Breaking Down Leetcode Problems: Koko Eating Bananas

Hi, welcome to my new series where I break down Leetcode problems to help you understand the thought process. Let's dive straight into the problem.

The Problem

Koko loves to eat bananas. There are n piles of bananas, where the ith pile has piles[i] bananas. The guards have left and will return in h hours.

Koko can decide her bananas-per-hour eating speed, denoted by k. Each hour, she chooses a pile and eats k bananas.
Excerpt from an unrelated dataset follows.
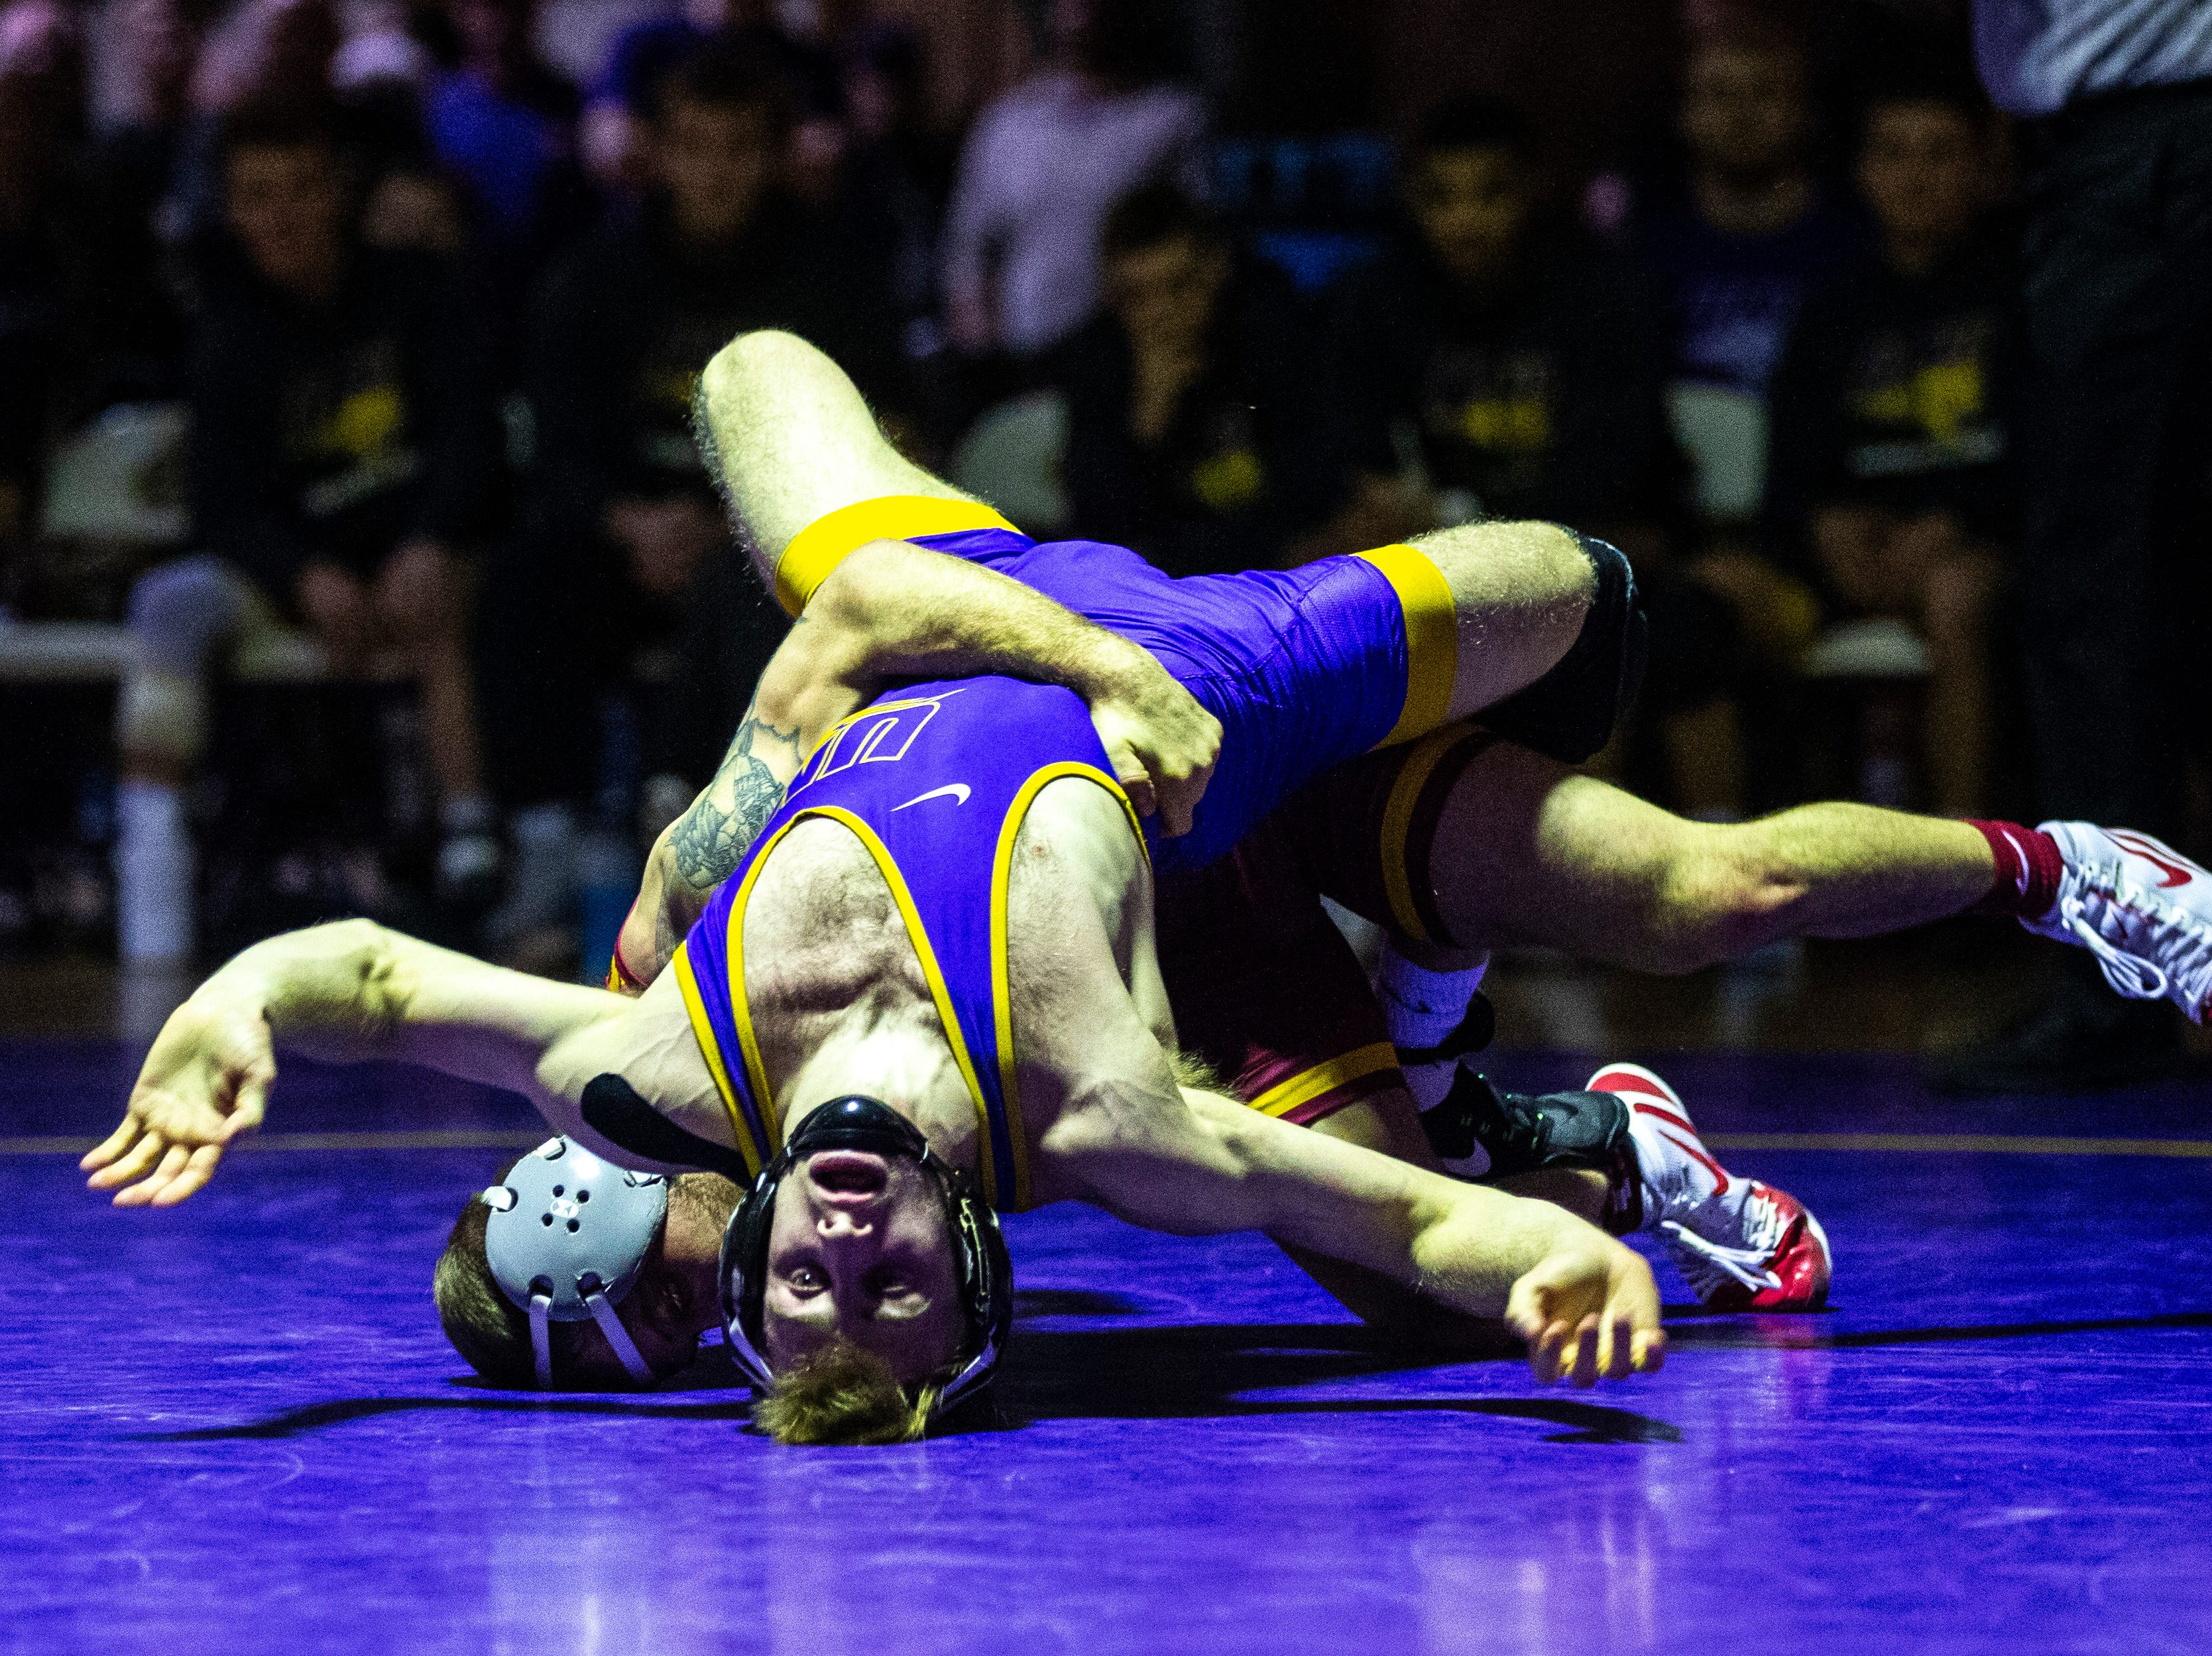 Northern Iowa's Jay Schwarm wrestles Iowa State's Alex Mackall at 125 during a NCAA Big 12 wrestling dual on Thursday, Feb. 21, 2019 at the West Gymnasium in Cedar Falls, Iowa.

If the pile has fewer than k bananas, she eats all of them and does not eat any more bananas during that hour.

Your task is to return the minimum integer k such that Koko can eat all the bananas within h hours.

Let's Break It Down

I admit, this problem took me some time to understand due to its wording.

You are given an array of integers piles, where each element represents a pile of bananas. You are also given h, the total number of hours Koko has to eat all the bananas. Your goal is to find the minimum speed k at which Koko needs to eat to finish all the bananas within the given hours (h).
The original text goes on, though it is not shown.